MaxFM Waingapu, SUMBA – Dinas Kependudukan dan Pencatatan Sipil (Disdukcapil) Kabupaten Sumba Timur Rabu (02/10/2024) melaksanakan program pelayanan Aktivasi Identitas Kependudukan Digital (IKD) bagi Petugas Lapas Waingapu, serta perekaman E-KTP untuk Warga Binaan Pemasyarakatan WBP di Lapas Kelas IIA Waingapu.
Kegiatan ini merupakan upaya Pemerintah Daerah Sumba Timur melalui Disdukcapil untuk meningkatkan akses, kualitas layanan, serta pemenuhan administrasi kependudukan sesuai Undang-Undang Nomor 24 Tahun 2013, terutama bagi mereka yang terhalang oleh berbagai kondisi.
Dengan adanya pelayanan ini, diharapkan warga binaan dapat memiliki identitas resmi yang memudahkan mereka dalam berinteraksi dengan layanan publik.
Kepala Lapas Waingapu, Revanda Bangun, menyampaikan apresiasi terhadap gerak cepat Disdukcapil Sumba Timur melaksanakan program ini.
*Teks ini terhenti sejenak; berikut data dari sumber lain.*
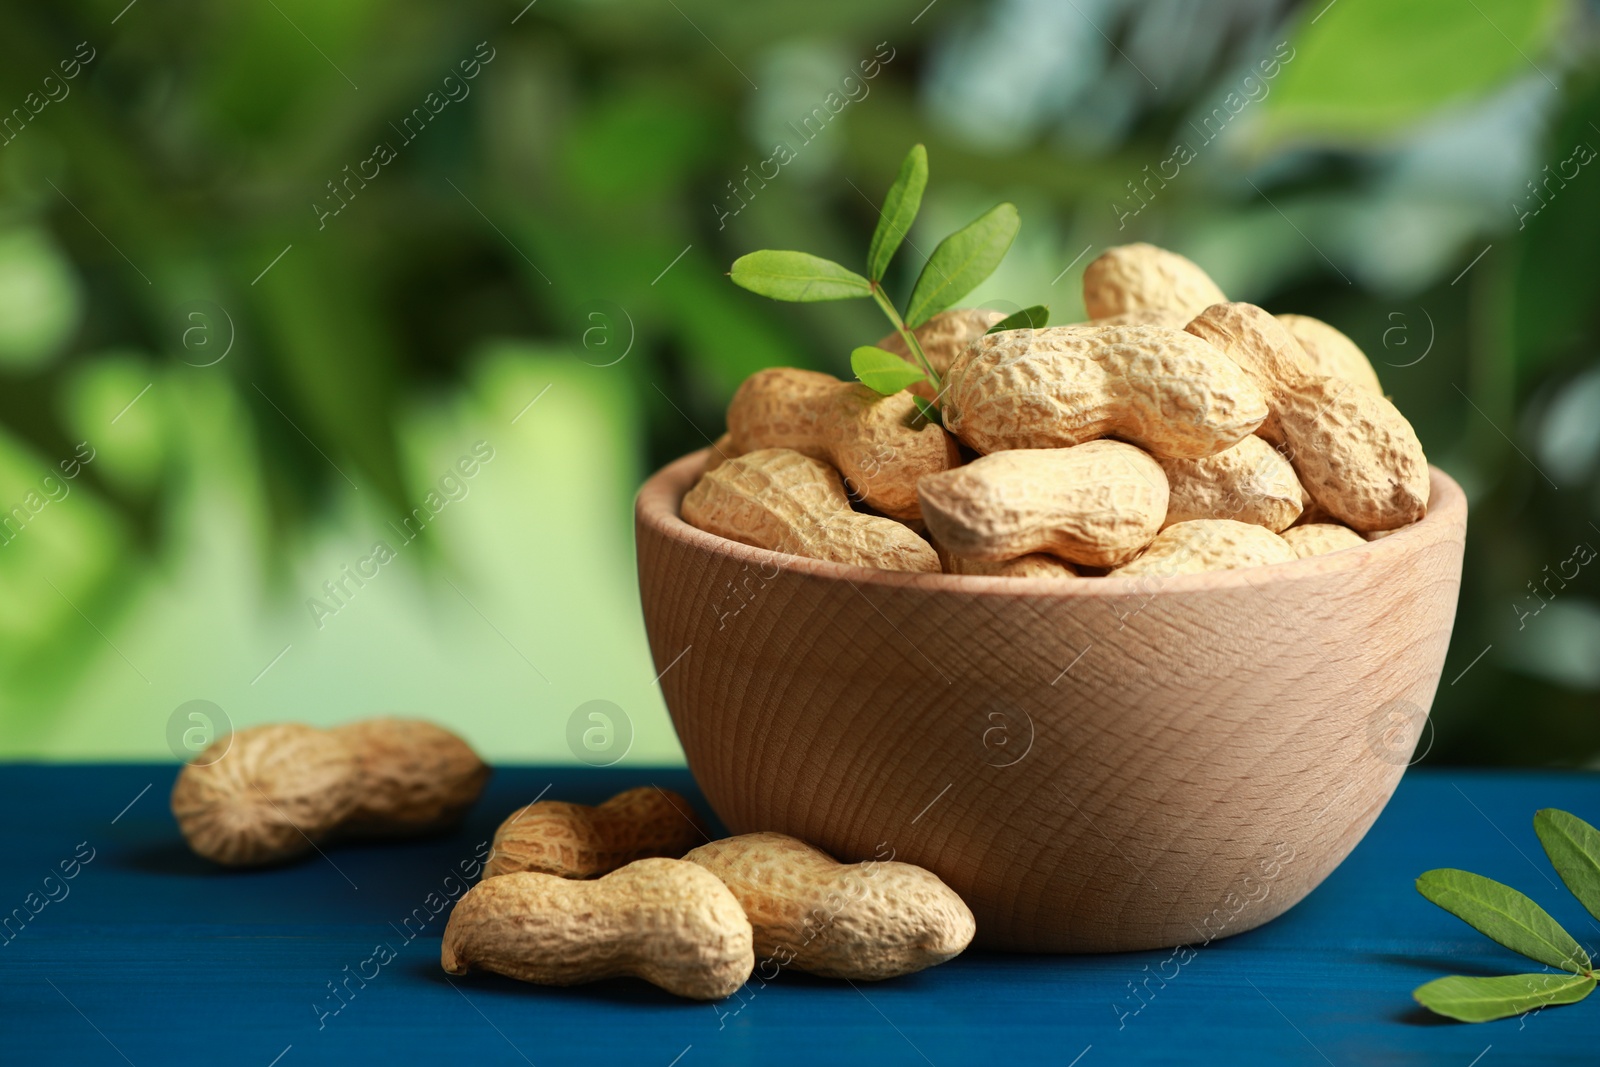 Photo of Fresh unpeeled peanuts in bowl and twigs on blue wooden table against blurred background

“Ini adalah langkah positif untuk membantu warga binaan kami untuk mendapatkan pemenuhan hak identitas mereka, yang kedepannya dapat digunakan sebagai hak pilih dalam pemilu kepala daerah, pelayanan kesehatan, pendidikan dan pengurusan administratif lainnya,” ujar Kepala Lapas Waingapu, Revanda Bangun.
Sementara itu, Kepala Dinas Kependudukan dan Pencatatan Sipil Kabupaten Sumba Timur, Safriyanti Ina Dapadeda menjelaskan pentingnya Identitas Kependudukan Digital dalam era digital saat ini.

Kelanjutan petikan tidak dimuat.